Sinbad the Sailor’s Fifth Voyage

From the Arabian Nights

“I found myself in a kind of paradise, home to sweet smelling flowers, delicious low hanging fruit, and birds singing the praises of the one who is eternal. A mossy bank was my pillow for the night, by the side of a stream. In the morning when I awoke I saw, sitting not far from me, an old man dressed in a skirt of palm leaves. He made signs, as if begging me to pick him up on my shoulders and carry him across the water. I thought to myself:

“I may profit in Heaven if I help this old man,” and I did as he asked, and let him climb onto my shoulders. I waded across the water and knelt down to let him clamber back onto the ground. But he did not leave my shoulders. Instead he wrapped his leathery legs around my neck, half strangling me. I was finding it hard to breath, and for a moment the world went black to me and I lost consciousness. I came round a few moments later, and felt the old man, still on my shoulders, now kicking my sides. The pain forced me to rise again to my feet. Then he pointed for me to take him among the fruit trees, so that he could reach up and grab whatever he wanted to take and eat. If ever I refused to do his bidding, he beat or strangled me into submission.

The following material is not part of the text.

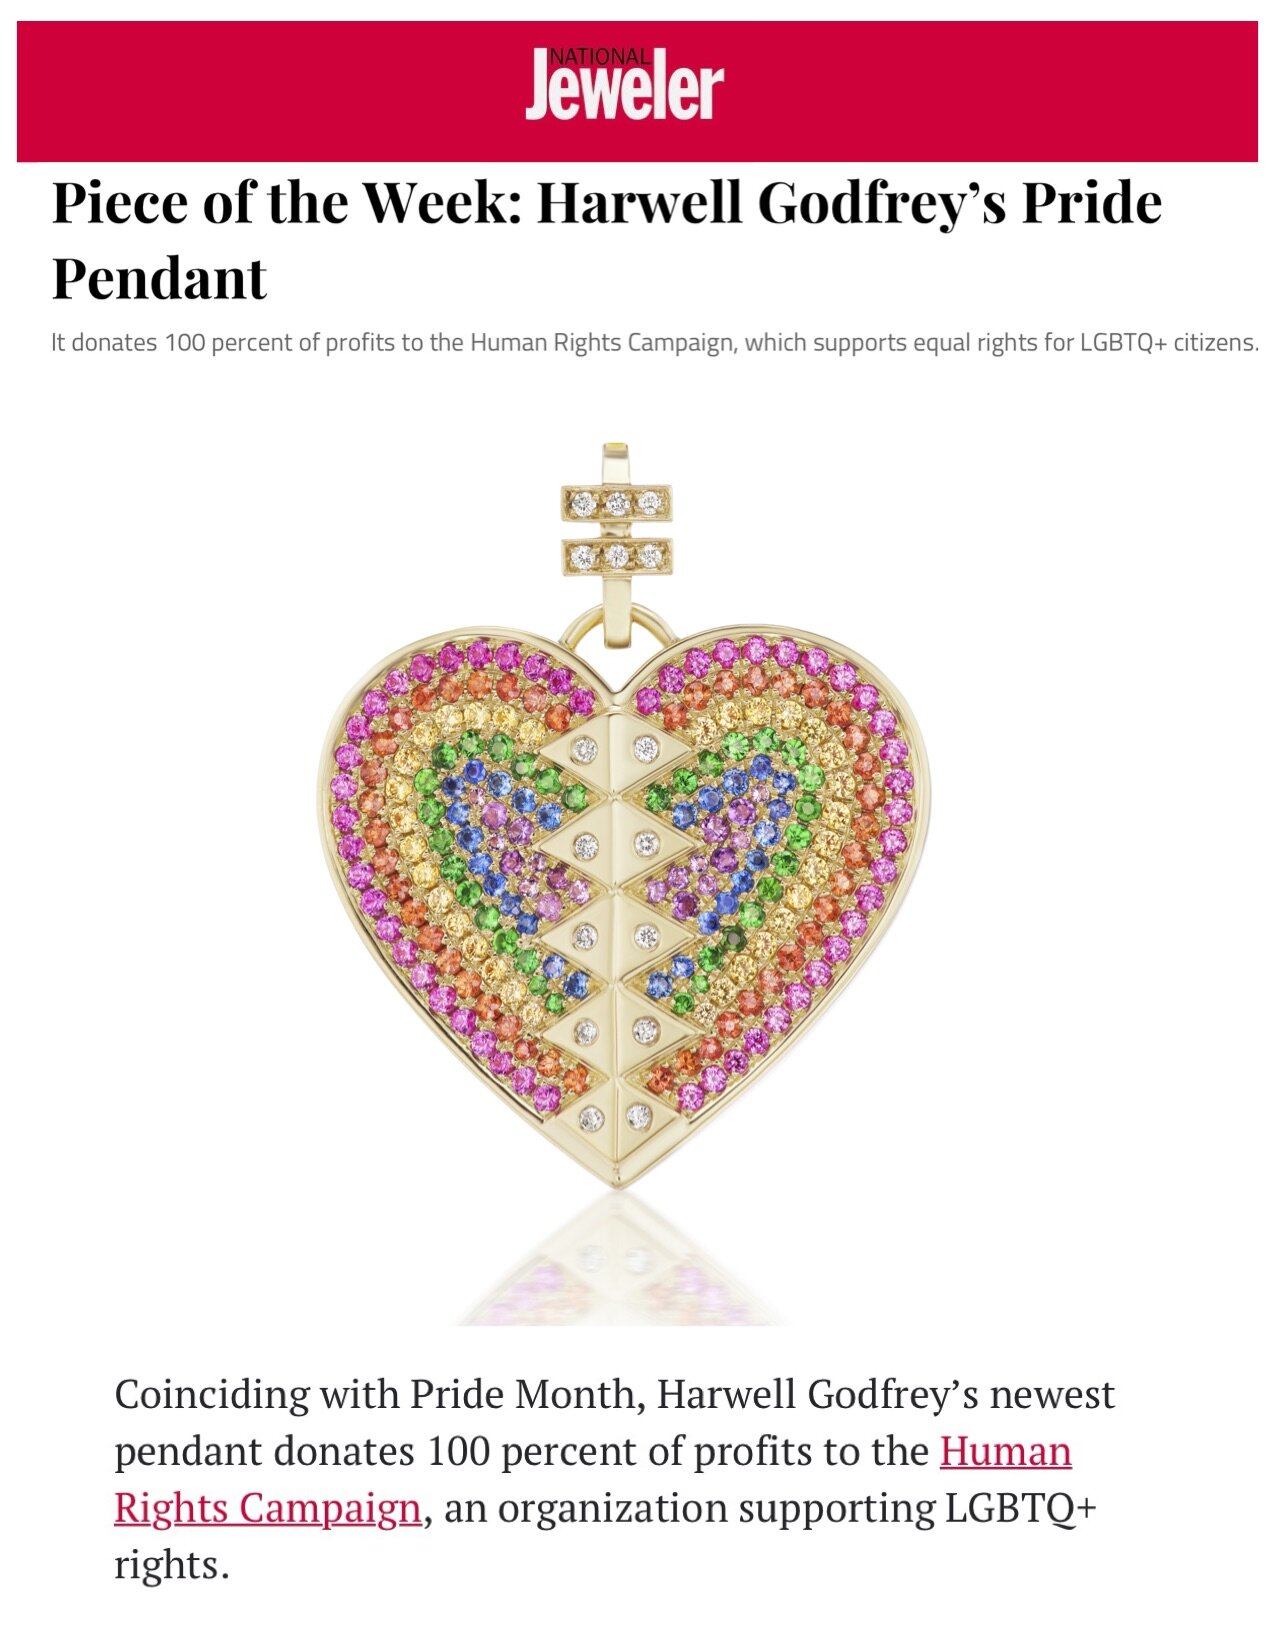 Harwell Godfrey on National Jeweler.com, June 2021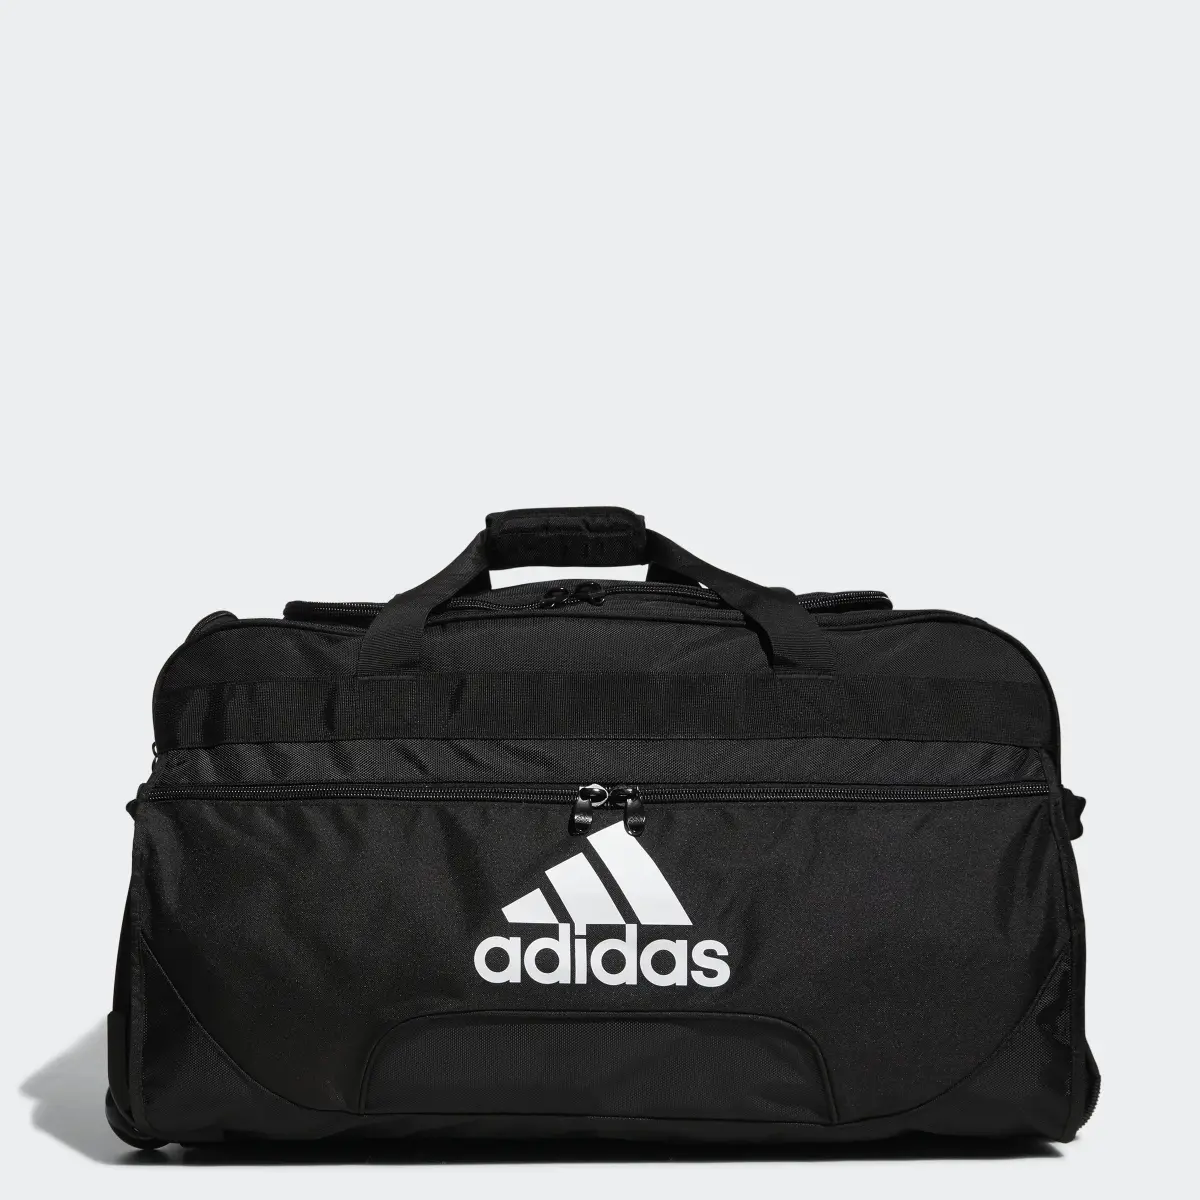 Adidas Team Wheel Bag. 1

For some days, I carried my burden around the island. At night I slept with him, still entwined around my neck. There was nothing I could do to shake him off, try as I might. I was growing weaker by the day. I began to curse my own kindness.

“By Allah! As long as I live I shall never do a free favour for another man again! My only thought was to help this fellow, and he has repaid me with suffering.”